Знаешь, глупая, твои потуги жалко,
Не замай до времени меня.
На худой конец сыщи такого,
Кто из скупости годки берег.
А со мной хоть в осень, хоть весною
Даже черт тягаться не берет.
А что сник печально головою -
Не утерей плачется душа.
Это Русь во мне беззвучно воет
Радости в просыпанном ища.
На исповеди
Тяжкий грех болеть, и не на шутку,
Если хворью чуткая душа,
Что в жестоком мире слишком хрупкой
Оказалась, светлое ища.
И когда болящая истлеет
На угольях грубого вранья,
Станет биться сердце холоднее,
Скроет взор густая кисея.
До слезы уже не растревожит
Злым укусом черная молва.
Может не такой я и хороший,
Но и чей-то суд не про меня.
Пусть меня заманит мрак церковный,
Будто детства розовая ширь,
Заманив однажды в мир огромный,
Полный горьких тайн и грешный мир.
Вот, тогда молясь под образами,
Буду ждать, поникши головой,
Над собою справедливой кары
Уготованной немым судьёй.
Пусть укор сечет, как будто плетью,
Оставляя на душе рубцы.
Для того живу на этом свете,
Чтоб давились правдою лжецы.
Пусть распят израненной душою
На Голгофе тайного вранья.
Казнь святых мои грехи отмоет,
Отпустив на зависть воронья.
И уйду благословен иконой
На другую исповедь копить:
Как и прежде нарушать каноны,
Как и прежде бешено кутить.
Шепчет тайный:– С чертом поведися,
В кабаках судьбу вовсю кляня,
А прощальный стих в небесной выси
Ангел пусть напишет за тебя.
Лишь когда утихнет сердца буйство
И сгорят последние мечты,
Отощавшее гульбой беспутство
Выброси у роковой черты…
Тяжкий грех болеть среди обмана,
Если хворью чуткая душа,
Если ложью оказался ранен,
Но, страдая, жил не клевеща.
Занемоглось сердцу
Занемоглось сердцу, заобиделось.
Нету звона прежнего в груди.
Видно, счастье глупому привиделось,
Только не смогло его найти.
Что ты, брат! пустое так горюниться.
Всякий знает – бедность не порок,
А мечты, что грезились, забудутся,
И в душе угаснет огонёк.
Не томись, что юное беспутство
Упорхнуло в розовую даль,
Что стыдиться станешь безрассудства,
Пряча взор за серую вуаль.
Отмахнись, что в рощах отсвистело.
Отпихни, чем в пепел прогорел.
Колотиться сердцу оголтело
Нет нужды, раз волос поседел.
Коль душа с прорехою досталась,
Что же попусту пустым болеть.
А когда затосковалось малость,
Лучше хряснуть горькой да запеть.
Мир светлее станет ненадолго.
Но и в этом малом благодать:
Отпевая светлых лет недолгу,
Слезы об утере проливать.
И не сторонись чужого взора.
Плачь пропажей, без остатка плачь.
Нет еще на свете тех, которых
Обошел вниманием палач.
Не с того ли сердцу заобиделось,
Затаилось не с того ль в груди,
Что когда-то глупому привиделось,
Будто счастье можно обрести?
Признание каппелевца
Не отнимайте рук холёных
От грубых окаянных рук.
Не отводите глаз зеленых
В надежде утаить испуг.
Я не питаю к вам плохого.
И верить в напускное – блажь.
Не время бы сейчас такое,
Так не ласкать бы мне палаш.
Но сын России при погонах
Да клятва батюшке Царю
Мне не велят притворно скромным
Плестись с молитвой к алтарю.
Я дрался.
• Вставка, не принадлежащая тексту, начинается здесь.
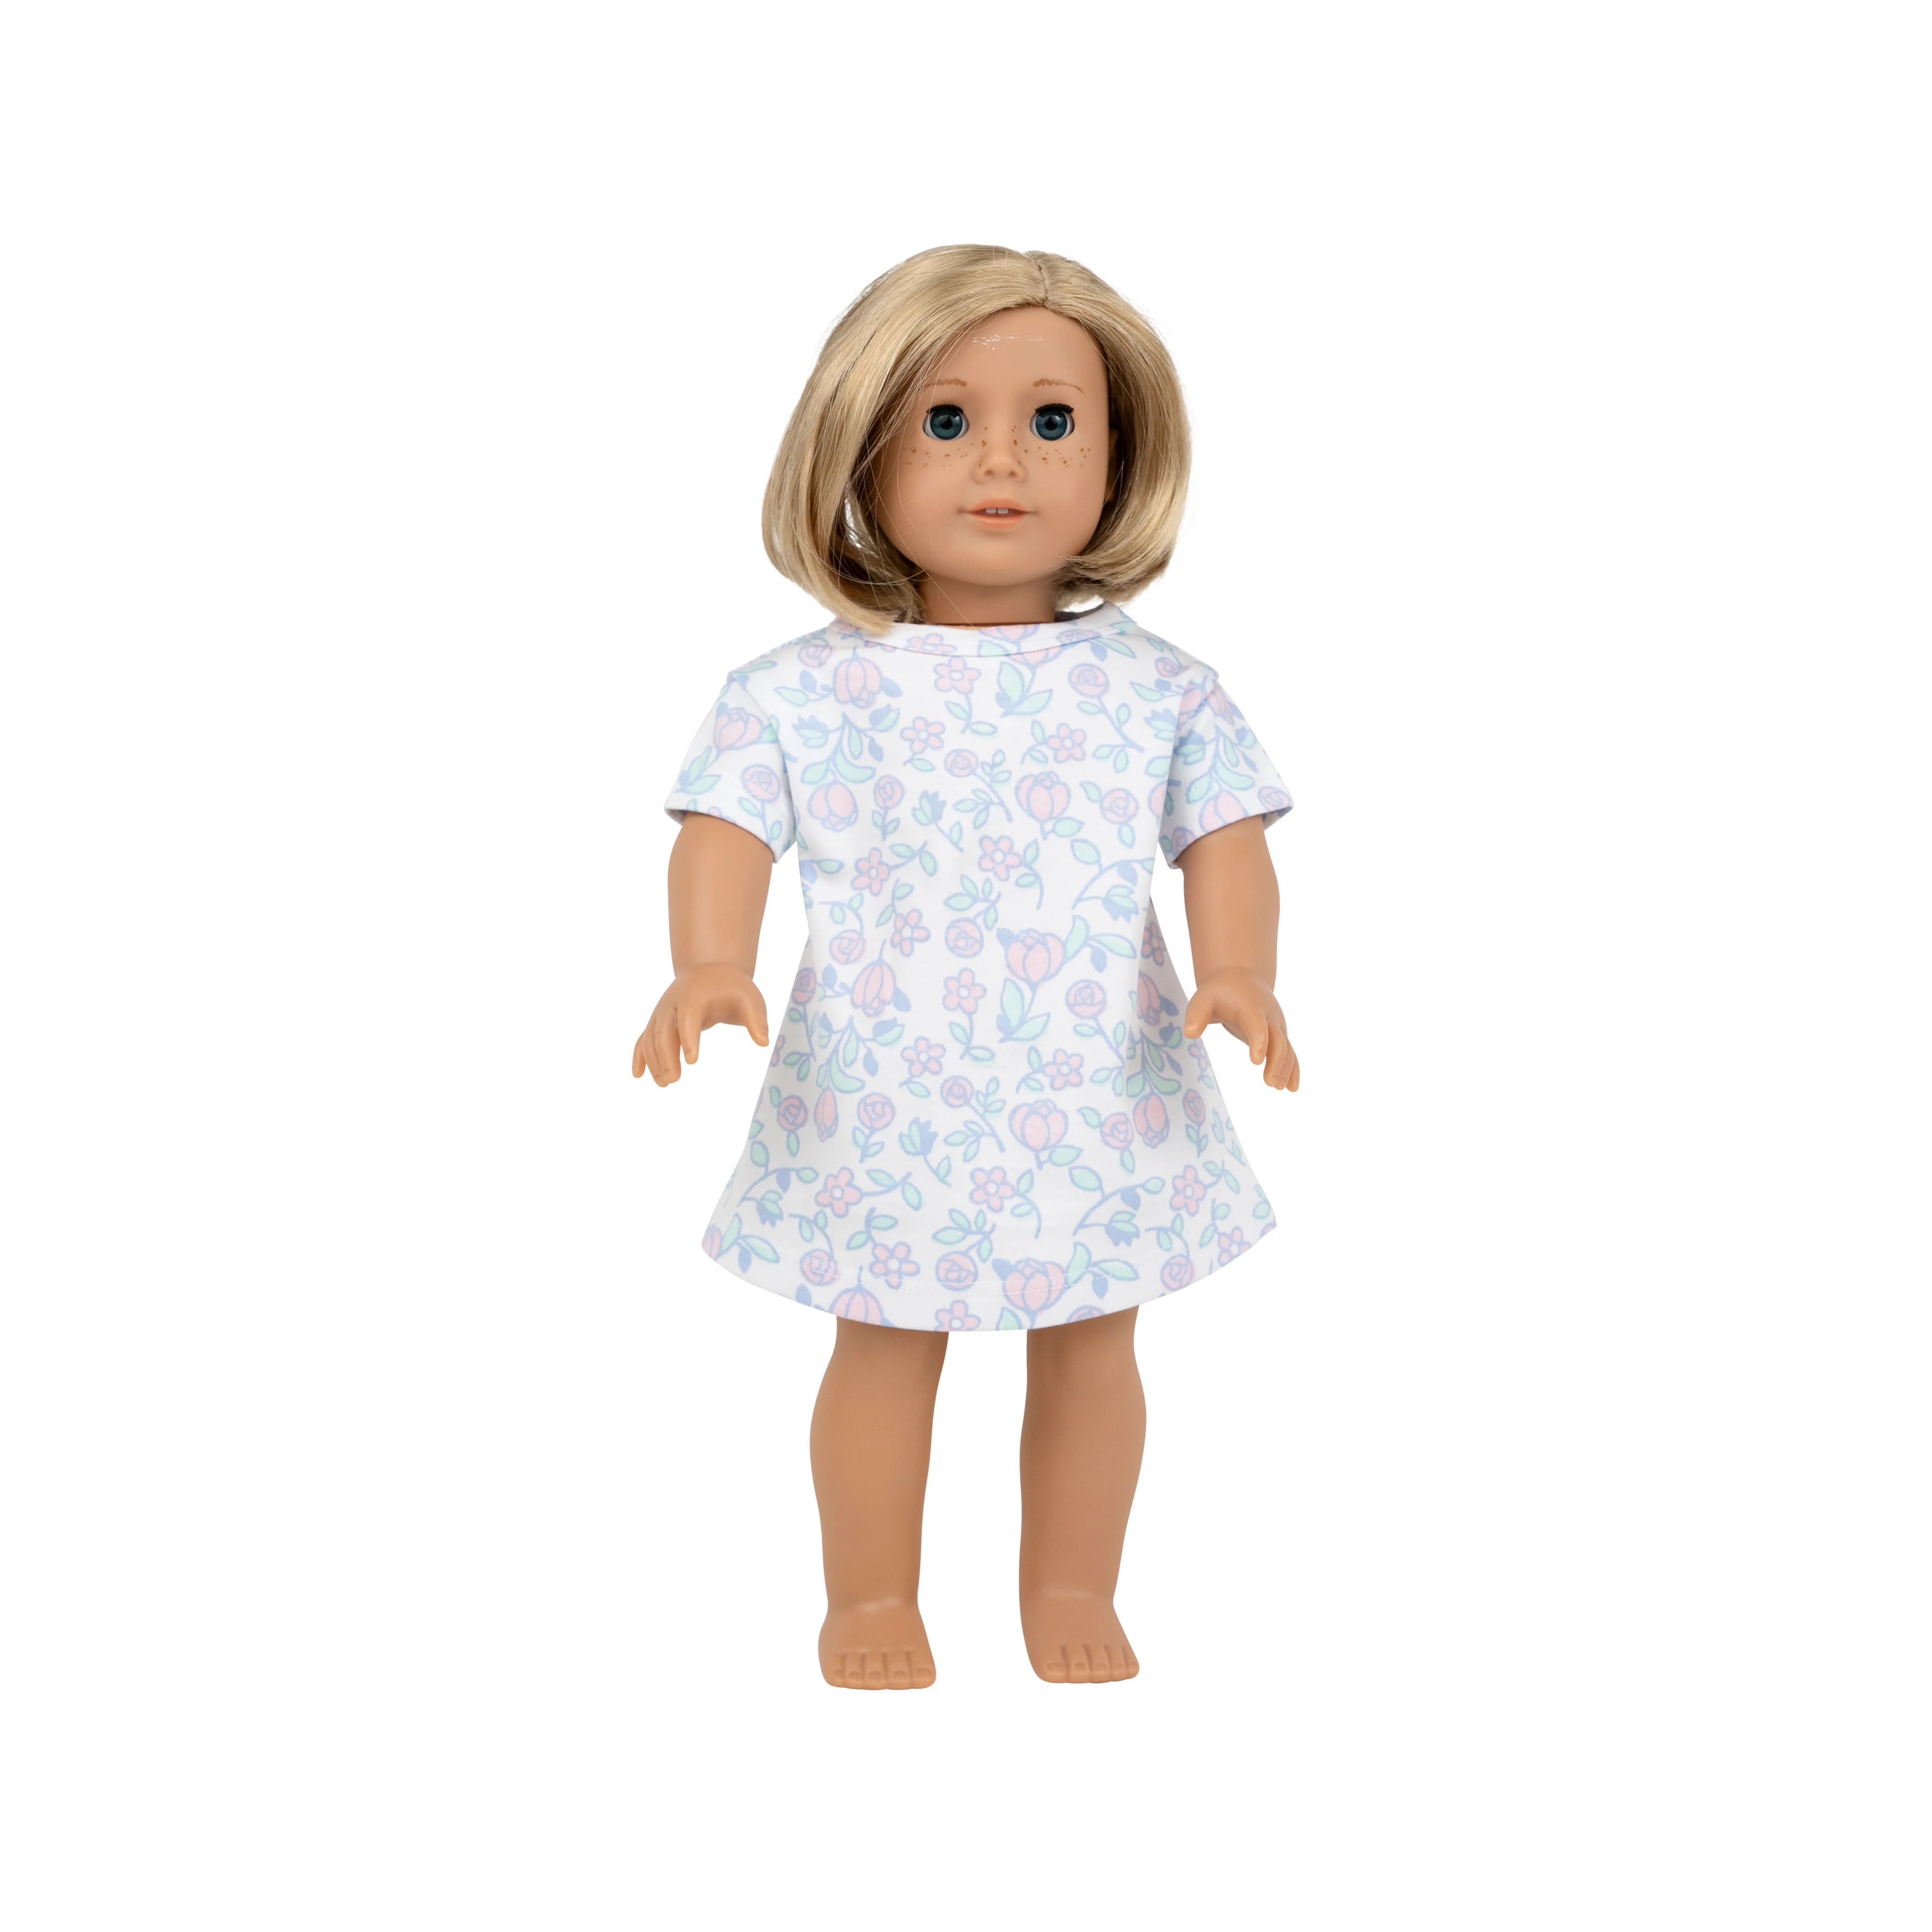 Dolly's Polly Play Dress - Posies and Peonies | The Beaufort Bonnet Company

Часто без патронов,
Вцепившись в горло бунтарю.
И раны, проклиная стоном,
Давал понежить сентябрю.
И убивал. Такое время.
Но били и меня не раз,
Картечью нашу батарею
Лицом укладывая в грязь.
И только невесомый образ,
Как список вашего лица,
Хранил с терпением святого
Душой заблудшей мертвеца.
Отбросьте ложные сомненья.
А череп, что на рукаве…
Так нет вины – два сильных мненья
Увы, имеют разный цвет.
Не отводите глаз зеленых,
Не отнимайте нежных рук.
Как дорог ваш румянец скромный!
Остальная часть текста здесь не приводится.